The influence of hydrophilicity on the orientational dynamics and structures of imidazolium-based ionic liquid/water binary mixtures.

Abstract

The orientational dynamics and microscopic structures of imidazolium-based ionic liquids of varying hydrophilicity were investigated using optical heterodyne-detected optical Kerr effect (OHD-OKE) spectroscopy and atomistic simulations. Hydrophilicity was tuned via anion selection, cation alkyl chain length, and the addition of a strong hydrogen bond donor on the cation (protic ionic liquid). In the hydrophobic samples, which saturate at relatively low water concentration, OHD-OKE data display Debye Stokes Einstein (DSE) behavior as a function of water concentration.

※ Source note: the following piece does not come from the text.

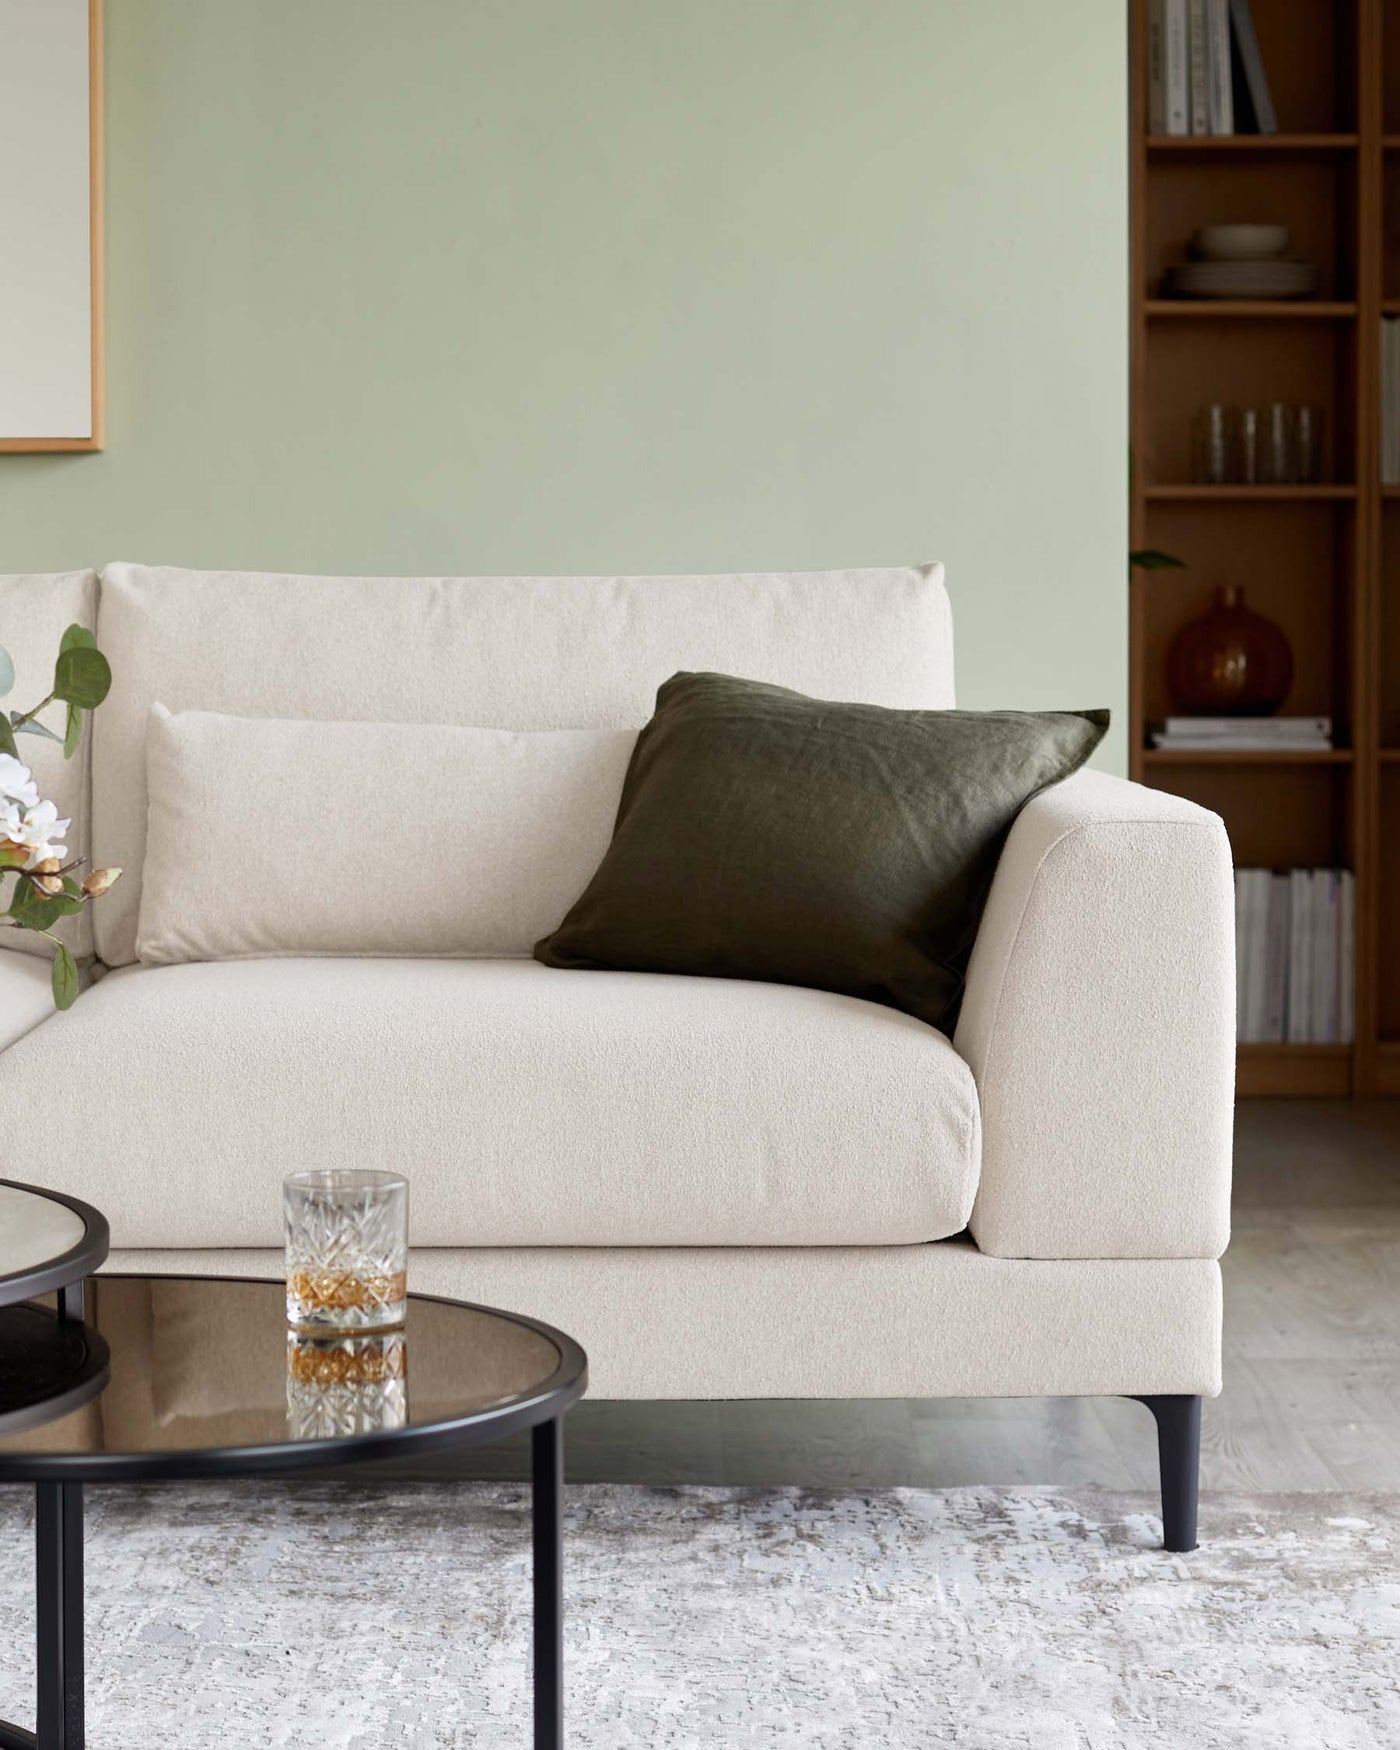 A contemporary beige three-seater sofa with clean lines and minimalistic design, featuring cushioned seats and backrest, and accompanied by a dark olive rectangular lumbar pillow. The sofa is positioned next to a round, black-framed coffee table with a glass top, all resting on a textured off-white area rug. In the background, there's a tall wooden bookshelf partially filled with books and decorative items against a light green wall.

The DSE behavior indicates that the microstructures of the hydrophobic ionic liquid/water mixtures do not fundamentally change as a function of water concentration. The hydrophilic samples have two regimes of different DSE behaviors demonstrating the presence of two structural regimes depending on water concentration. These experimental results indicate that in hydrophilic ionic liquid/water samples, significant structural changes occur to accommodate high water concentrations, while hydrophobic samples become water saturated because the restructuring of local ionic structures is unfavorable. Atomistic simulations show that the local ionic microstructures experience distinct changes in these hydrophilic ionic liquid/water binary samples because of the delicate interplay of intermolecular interactions among imidazolium cations, hydrophilic anions, and water molecules.